Determination of percent parent compound in plasma and plasma-whole blood ratio of 11C-dLop
The determination of percent parent compound (11C-dLop) in plasma over time was performed in WT (pretreated with saline or 50 mg cyclosporine/kilogram body weight, n = 3 per group and per time point) and KO mice (n = 3 per time point) using a high-performance liquid chromatography (HPLC) assay. Thirty minutes after pretreatment, the mice were injected with 22.2 to 30 MBq of 11C-dLop (300 μl) and were killed at 1, 10, and 30 min postinjection (p.i.). Blood was collected by cardiac puncture, and the brain was excised. Plasma (200 μl) was obtained after centrifugation (3,000 g, 6 min). Subsequently, 800 μl and 1 ml of acetonitrile (Chem-Lab N.V., Zedelgem, Belgium) were added to the brain and plasma, respectively. Both samples were vortexed (1 min), centrifuged (3,000 g, 3 min), and counted for radioactivity. A supernatant was isolated and analyzed with an HPLC system (Grace Econosphere C18, 10 μm, 10 × 250 mm, eluted with acetonitrile/20 mM sodium acetate (70/30, v/v) as mobile phase at 7 ml/min). Elution fractions of 30 s were collected and counted for radioactivity. Percent parent compound was calculated as the sum of the counts determined in the fractions containing 11C-desmethylloperamide (determined by co-injection with cold desmethylloperamide and UV detection at 220 nm) divided by the total counts of all collected fractions.

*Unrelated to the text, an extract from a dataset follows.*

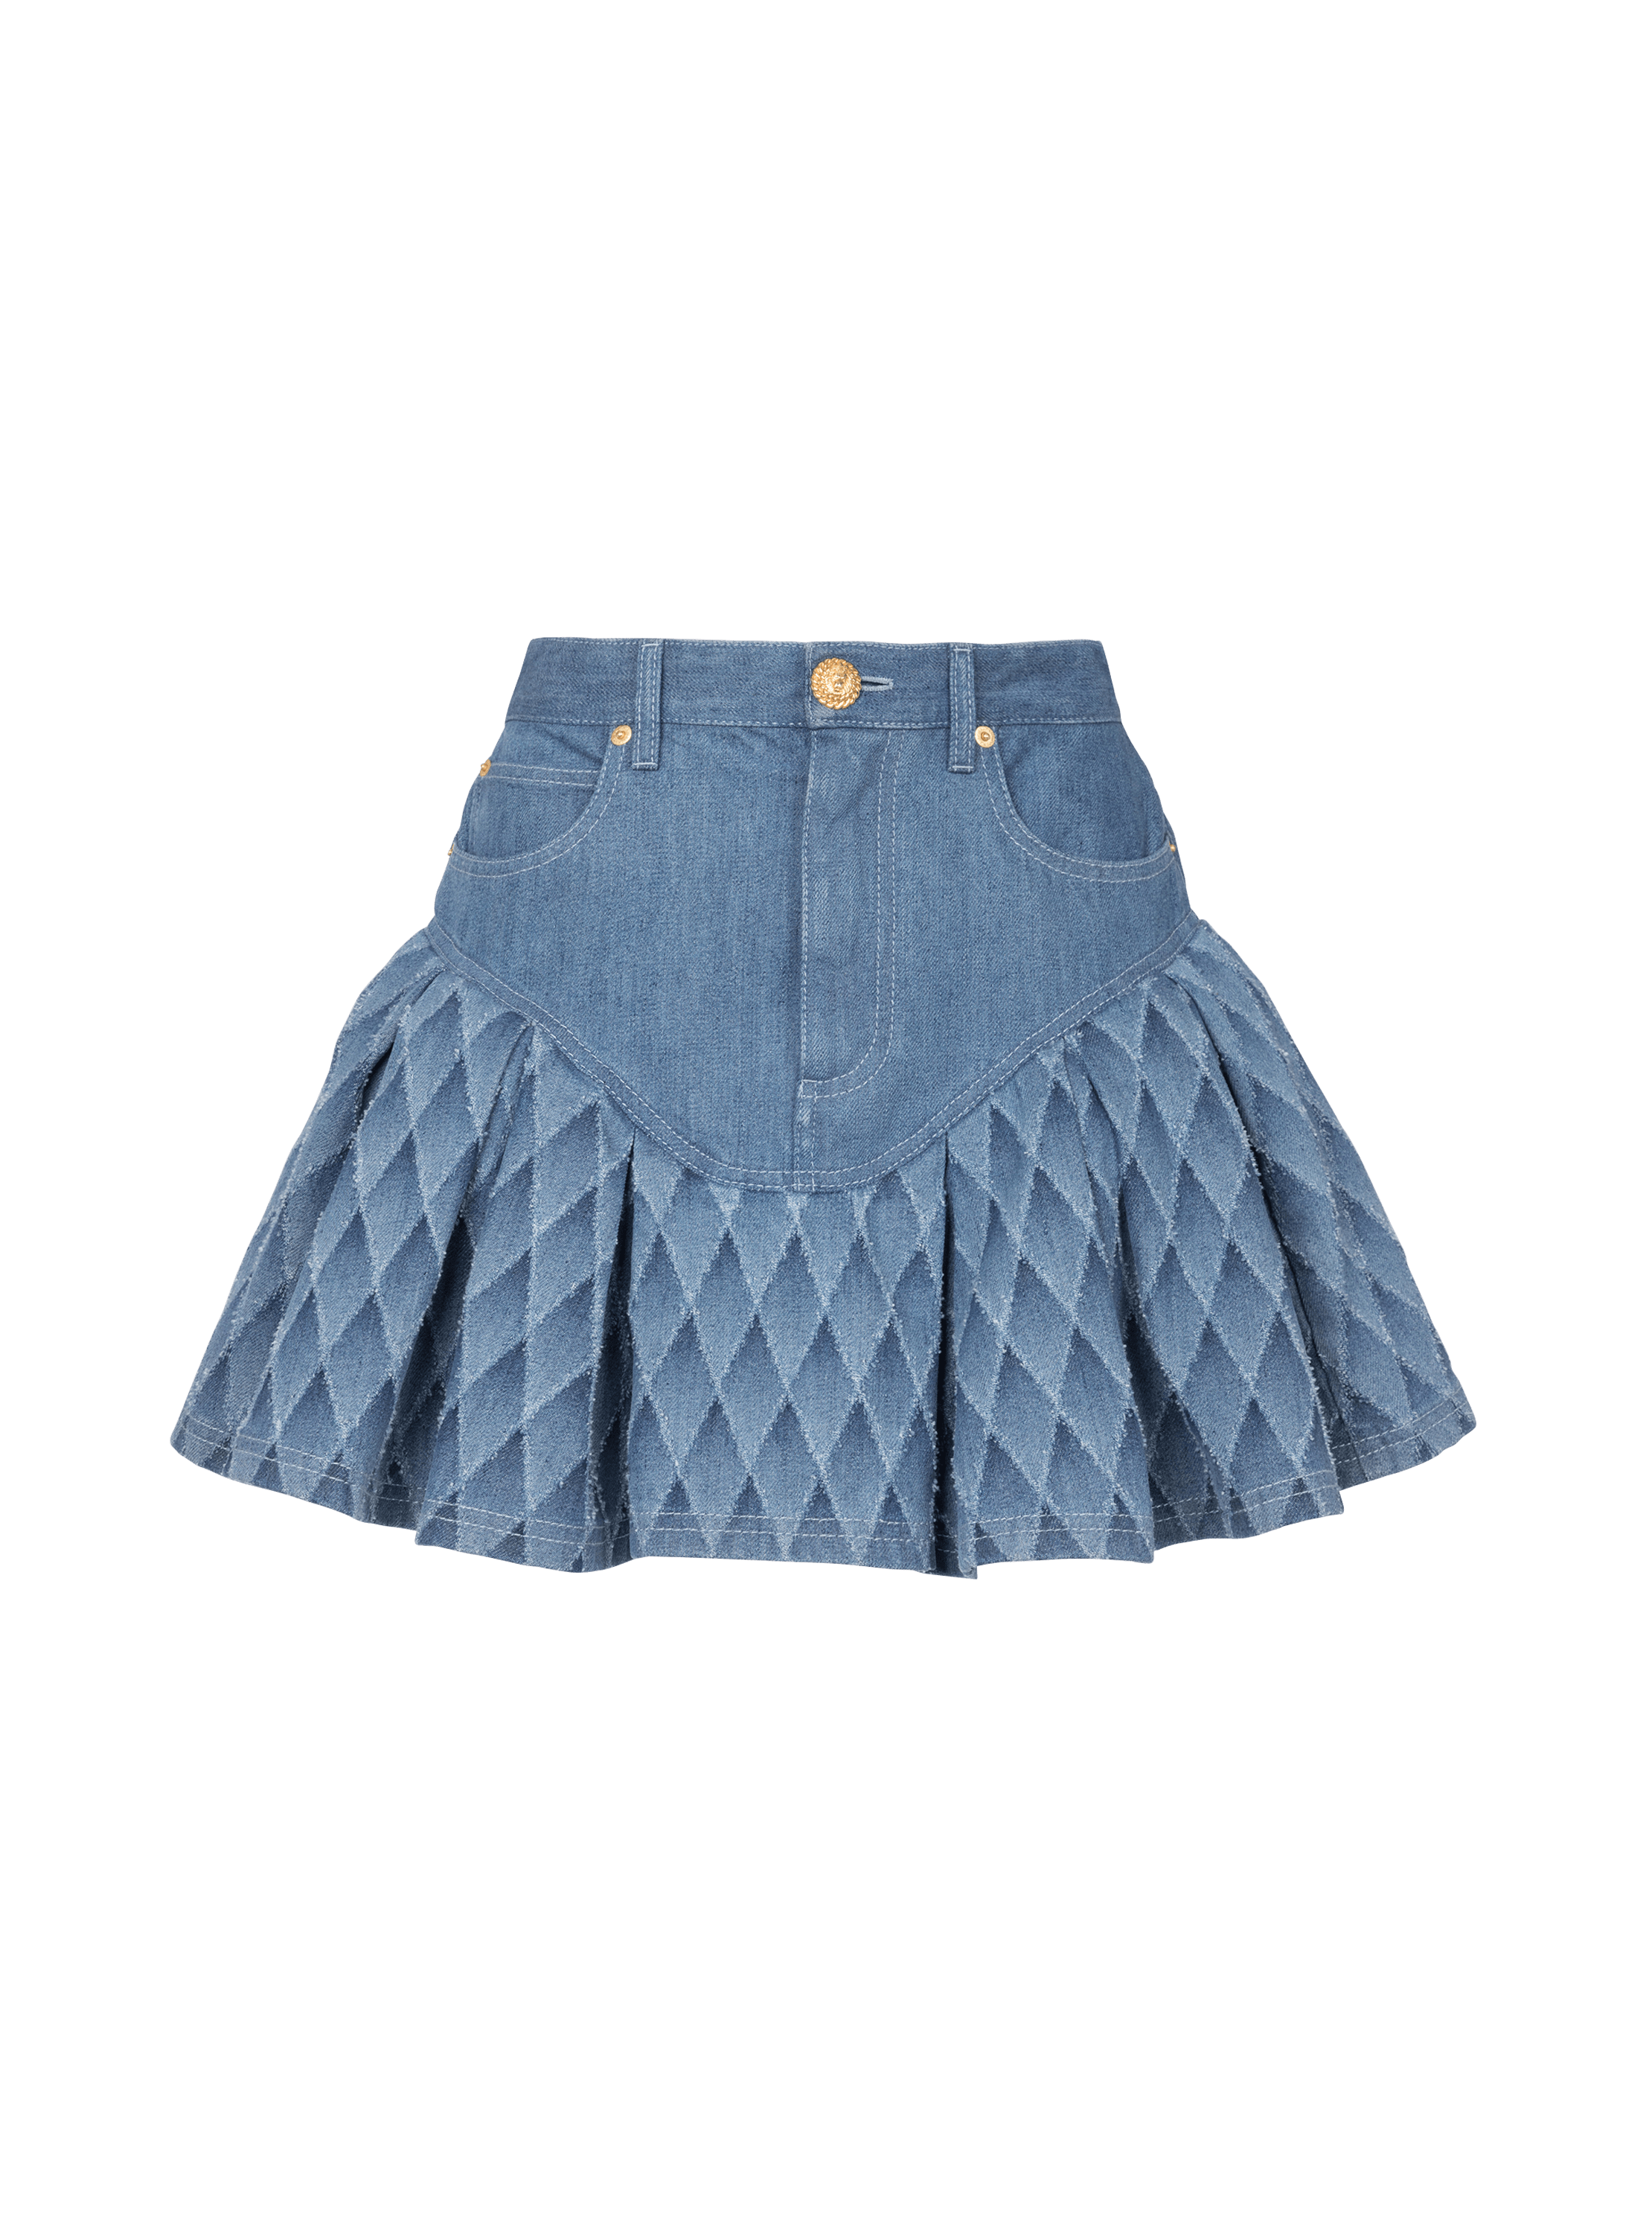 Short skirt in laser-cut denim

To determine the plasma-whole blood ratio, the mice (n = 3) were injected with 4.80 to 5.55 MBq of 11C-dLop (300 μl) and were killed at 0.5, 1, 2, 3, 5, and 10 min p.i.. Blood was collected from the heart by cardiac puncture, counted for radioactivity, and centrifuged for 10 min (3,000 g). Plasma and blood pellet were separated, weighted, and counted for radioactivity. To obtain the plasma-to-whole blood ratio, counts from plasma and blood pellet were averaged for weight.

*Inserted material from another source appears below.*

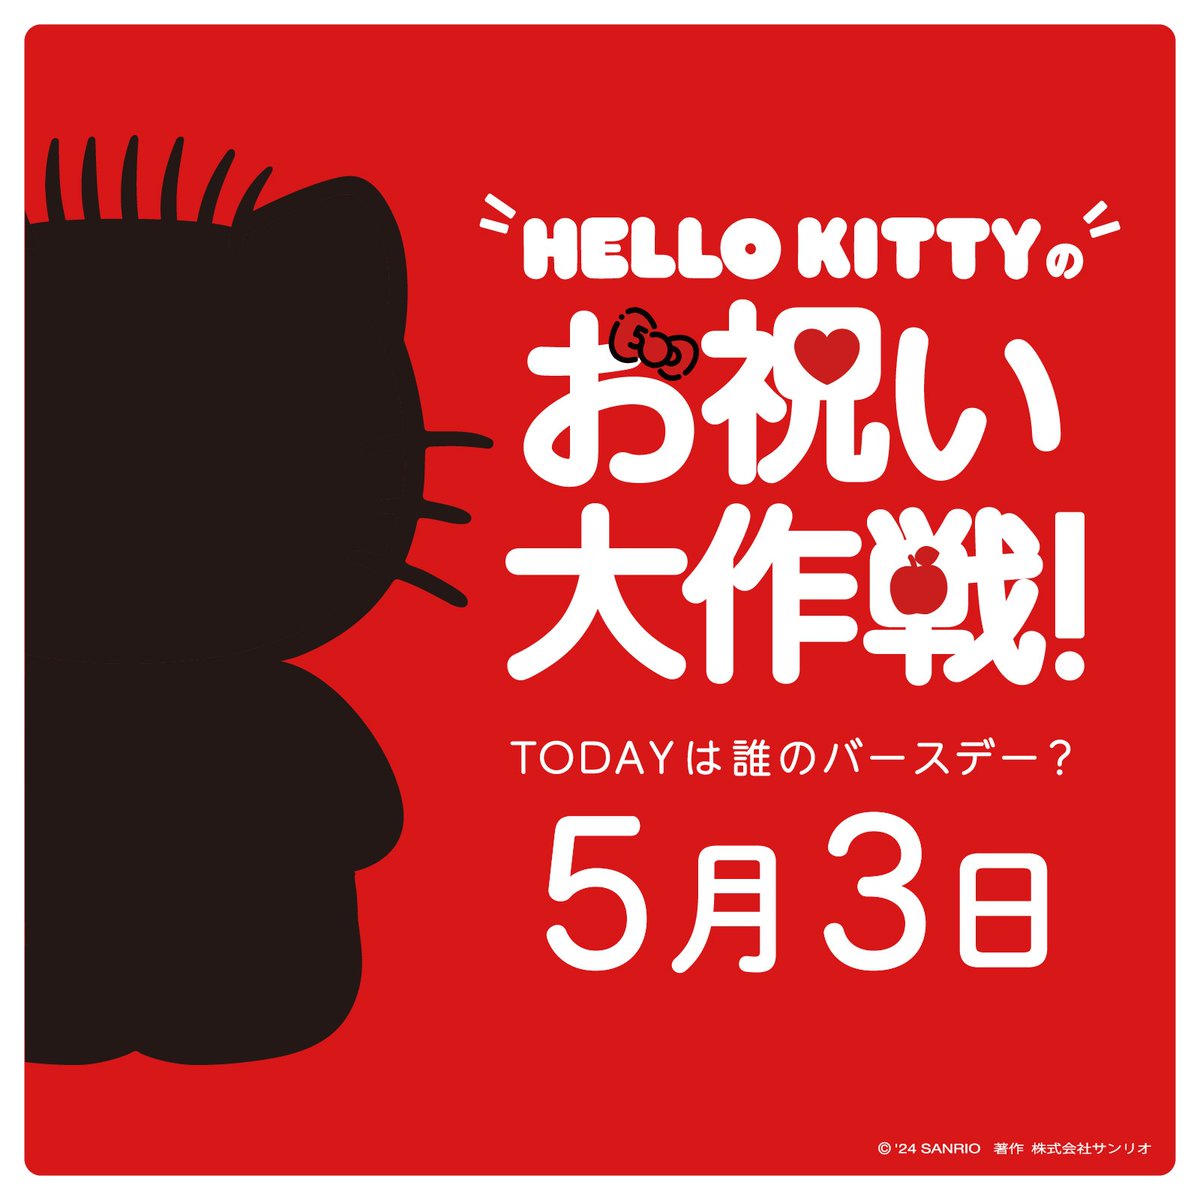 50thアニバーサリーイヤーを迎えた #ハローキティ☆みんなにも特別な一年を過ごしてほしいという思いから、キティは大切な人たちのお祝いをすることで頭がいっぱい♡今回は5/3がお誕生日☆キティのボーイフレンドのあのコ！？また新たな大作戦が始動するよ♪ sanrio.lnky.jp/yO6G2L8

PET data analysis and kinetic modeling of 11C-dLop
Dynamic 11C-dLop PET data were sorted into frame sequences as mentioned above. The arterial blood input curve obtained from the μPET was corrected for plasma-whole blood ratio and metabolites. An ROI was signed around the whole brain on the 18F-FDG scan images and was used to determine the 11C-dLop brain time-activity curve (Figure 3). All data were loaded and analyzed with the PMOD software package (version 3.1., PMOD Technologies Ltd., Zurich, Switzerland).

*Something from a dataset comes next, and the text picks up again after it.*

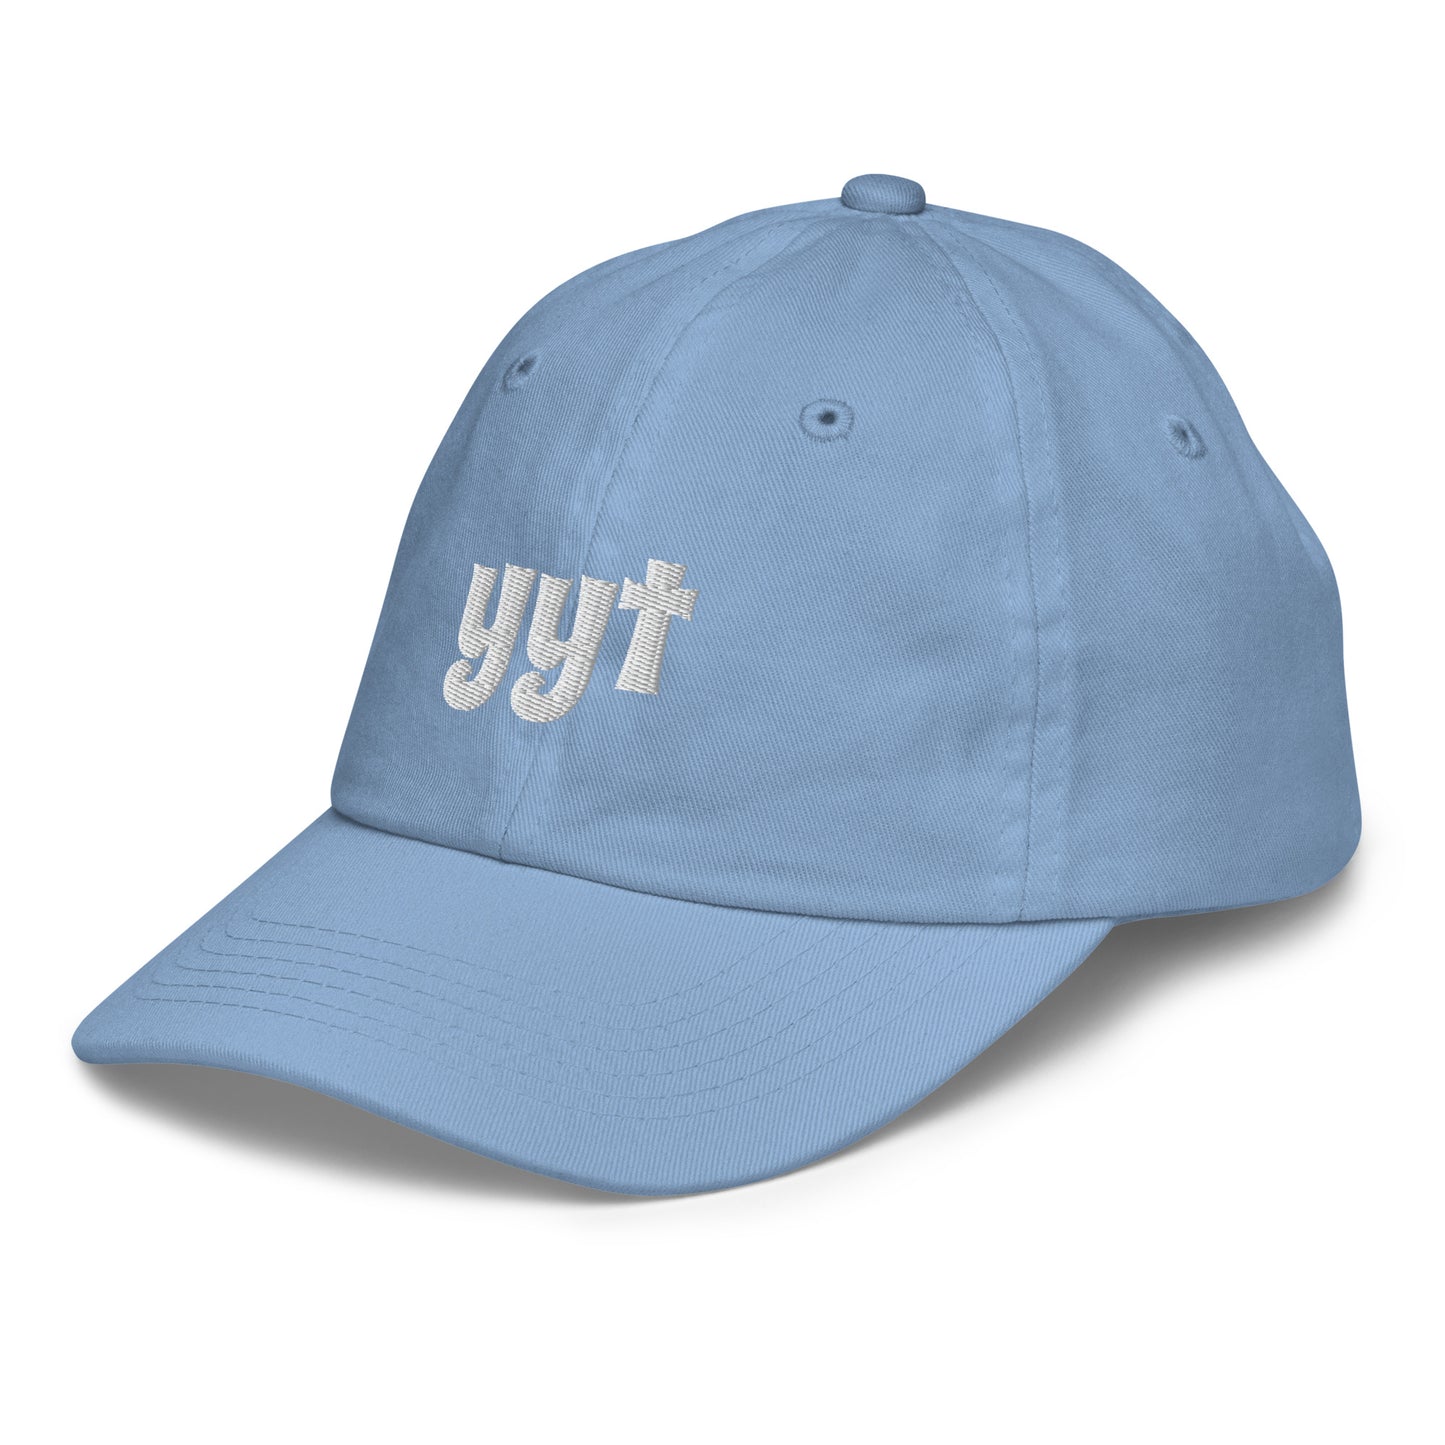 Groovy Kid's Baseball Cap - White • YYT St. John's • YHM Designs - Image 18

Standardized uptake values (SUVs) were calculated using the following equation: A/(ID/BW), where A is the decay-corrected radioactivity concentration in the brain (measured in kilobecquerels per cubic centimeter), ID is the injected dose of 11C-dLop (measured in kilobecquerels), and BW is the mice body weight (measured in grams), resulting in SUVs expressed as grams per milliliter. To account for mice differences in the blood concentrations, which are the driving force for the brain concentrations, the brain-to-blood ratio was calculated using the SUVs in the blood and in the brain. A one-tissue compartment model was investigated, in which the rate constants K
1 and k
2 represent, respectively, the rate of transport from plasma to brain and the rate of outflow from the brain to the plasma. A two-tissue compartment model (with or without k4 fixed to 0) was also considered, since interaction of 11C-dLop in the brain might occur. The volume of vasculature was set as a variable in the compartment model.
Statistical analysis
All calculated outcome parameters, differences between WT mice with and without cyclosporine, and KO mice were investigated with ANOVA and Bonferroni post hoc testing. The level of statistical significance was set to 5%.